ГостьПользователь №: 2507 Сообщений: 1
|
ПЕЛЕШЯН, АРТУР (АРТАВАЗД) АШОТОВИЧ (р. 1938), советский режиссер и сценарист документального кино. Заслуженный деятель искусств Армянской ССР (1979).
Родился 22 ноября 1938 в Ленинакане (ныне Гюмри). С 1963 по 1967 учился во ВГИКе, и первые же поставленные им короткометражные фильмы Горный патруль, Земля людей и Начало принесли ему не просто известность, но славу: им давали призы, специалисты обсуждали его уникальный монтаж, игравший важную роль, поскольку нередко большая часть фильмов Пелешяна сделана на архивном материале. Его монтаж, вызывал в памяти стихи, а не привычную структуру и ритмику документального кино. По словам режиссера, интересом к законам киноязыка он был обязан своему учителю Леониду Кристи.
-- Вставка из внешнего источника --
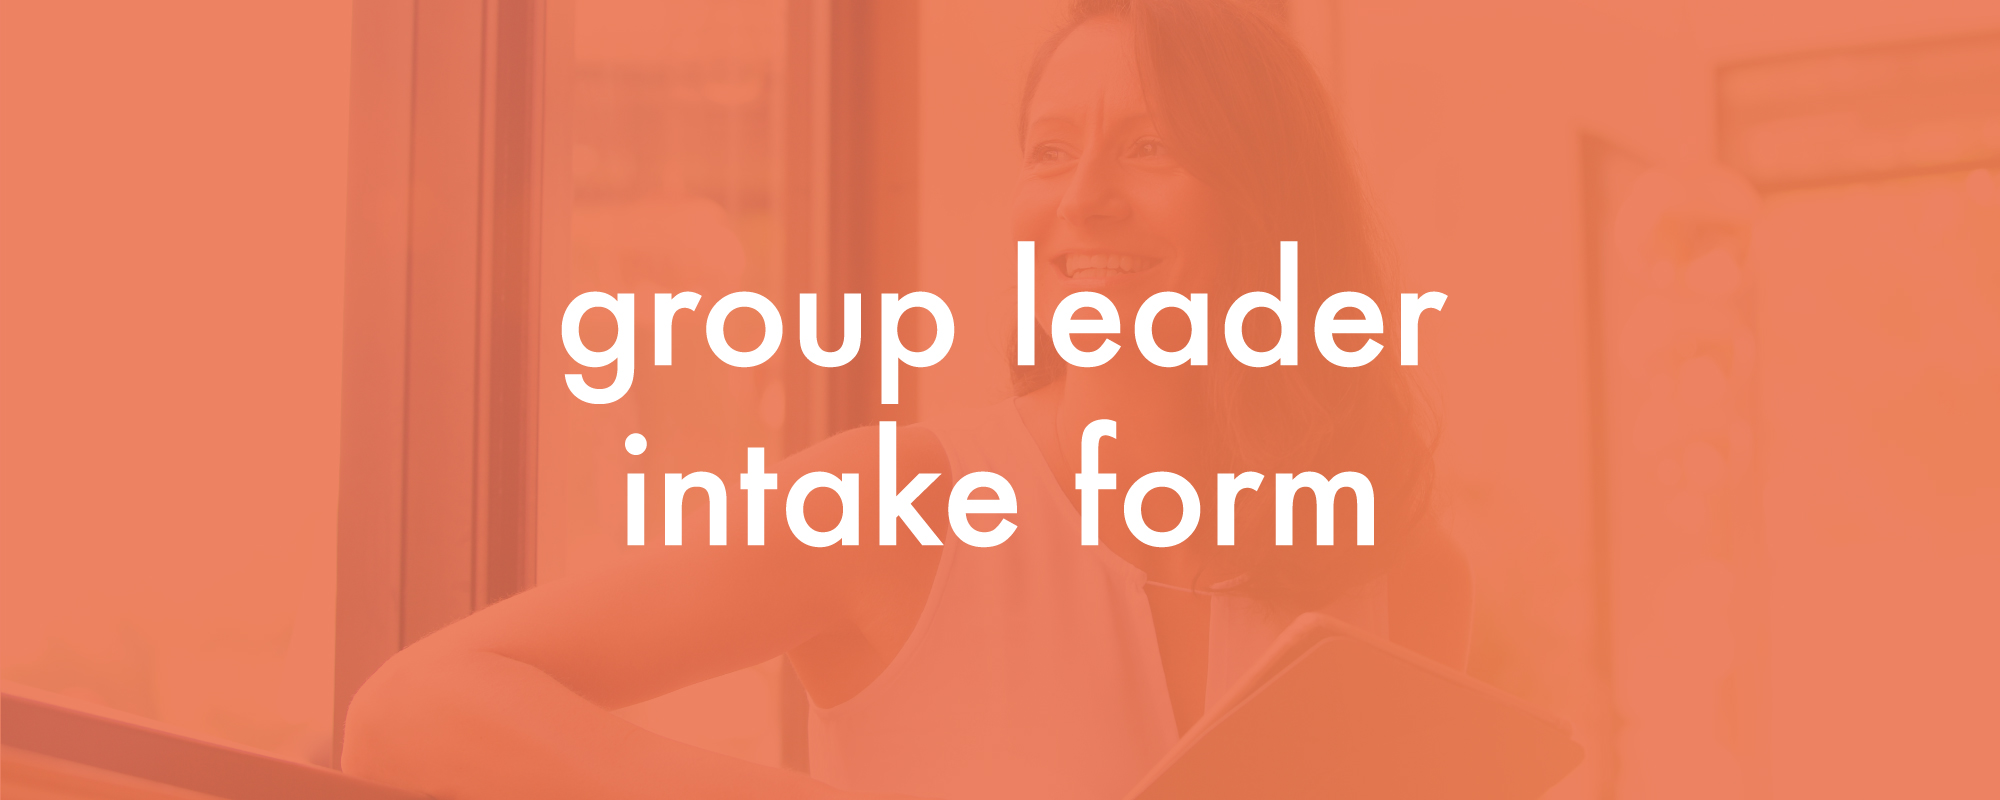 17-0718-Groups17-group-leader-intake.jpg
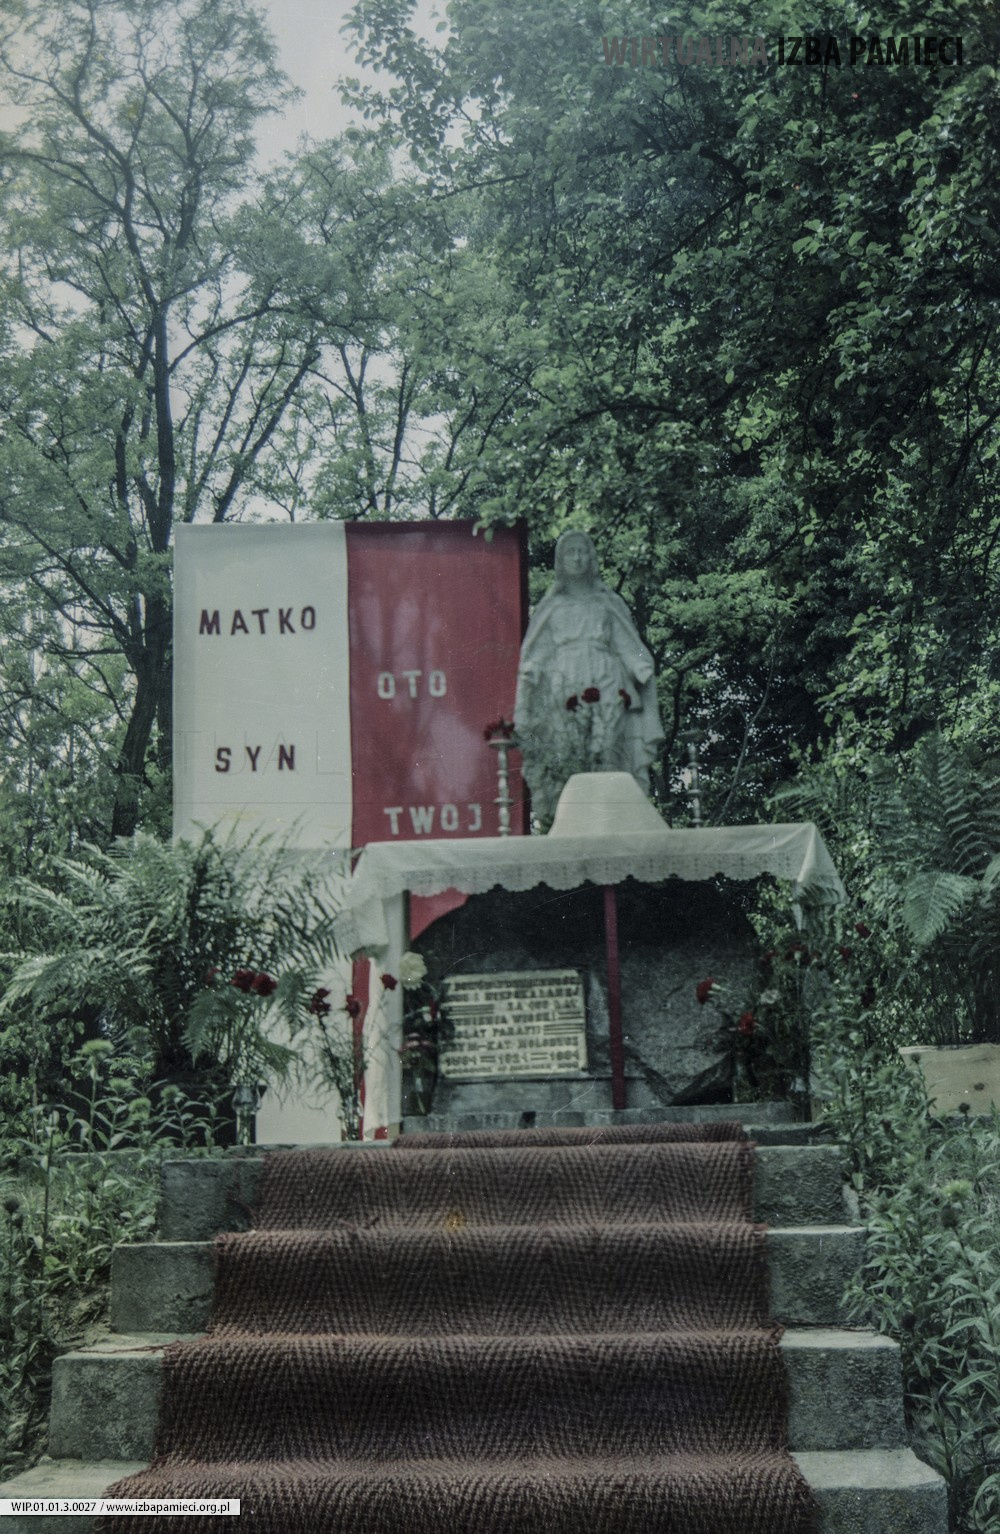 1985. Kapliczka Matki Bożej w Mołodyczu

В 1969 вышел в свет фильм Мы (по названию поэмы одного армянского поэта, которое встречалось в дневниках Вертова), построенный на энергичной, стремительной музыке Арама Хачатуряна. Он сразу стал популярным.
Его произведения о вечном, все – через человека – о человечестве. «Когда я называл фильм Мы, я имел в виду армянский народ, но и он лишь часть куда большего Мы», – утверждал автор. И так продолжалось в любой работе, будь то Осенняя пастораль, Времена года, Наш век, Жизнь. Когда его спросили, о чем фильм Времена года, Пелешян ответил: обо всем, не только о временах года или о людях, но обо всем. Режиссер Л.Гуревич говорил о нем: «Высокопочитаемый и любимый мною мастер, Артавазд Пелешян, в жизни молчалив, горд, склонен к самоуглубленности, к одиночеству. И его фильмы полны этой мощной самодостаточности, эпического самостояния, ими правят идеи, но не персоны, не личности».
Пелешян вошел в историю кино не только как практик изобретенного им метода, который он назвал «дистанционным монтажом», но и как теоретик, продвинувший развитие теории монтажа, начатое Вертовым и Эйзенштейном. Это открытие и позволило ему делать, по образному выражению Сергея Муратова, «кино в степени кино».
По словам Пелешяна, в отличие от принципов монтажа Вертова и Эйзенштейна, которые связывали и обыгрывали «смежные кадры», что порождало у зрителя различные ассоциации и символы, он предпочитал ставить необходимые кадры не рядом, а далеко друг от друга. При этом, утверждал режиссер, «на дистанции» эти кадры, сопровожденные звуком, функционировали не только лучше, но и сильнее воздействовали на зрителя.
Так в фильме Мы первый опорный элемент дистанционного монтажа, лицо девочки, появлялся в самом начале картины. При этом включалась музыка и шла пауза на затемнении, весь фрагмент передавал ощущение задумчивости и тревоги. Во второй раз лицо девочки появлялось лишь через пятьсот метров пленки, оно сопровождалось тем же звуковым аккордом. И в самом конце фильма в третий раз появлялся этот опорный элемент монтажа, то уже лишь в виде звукового аккорда: зритель видел уже не лицо девочки, а людей, вышедших на балкон, и в этот момент звучал все тот же симфонический аккорд. Такой монтаж поддерживал общую возможность дистанционного, отделенного по времени и протяженности фильма воздействия на зрителя. Основные опорные элементы монтажа конденсировали выражение темы, но будучи связанными дистанционно, помогали смысловому развитию даже тех кадров, с которыми у них не было прямого и непосредственного контакта.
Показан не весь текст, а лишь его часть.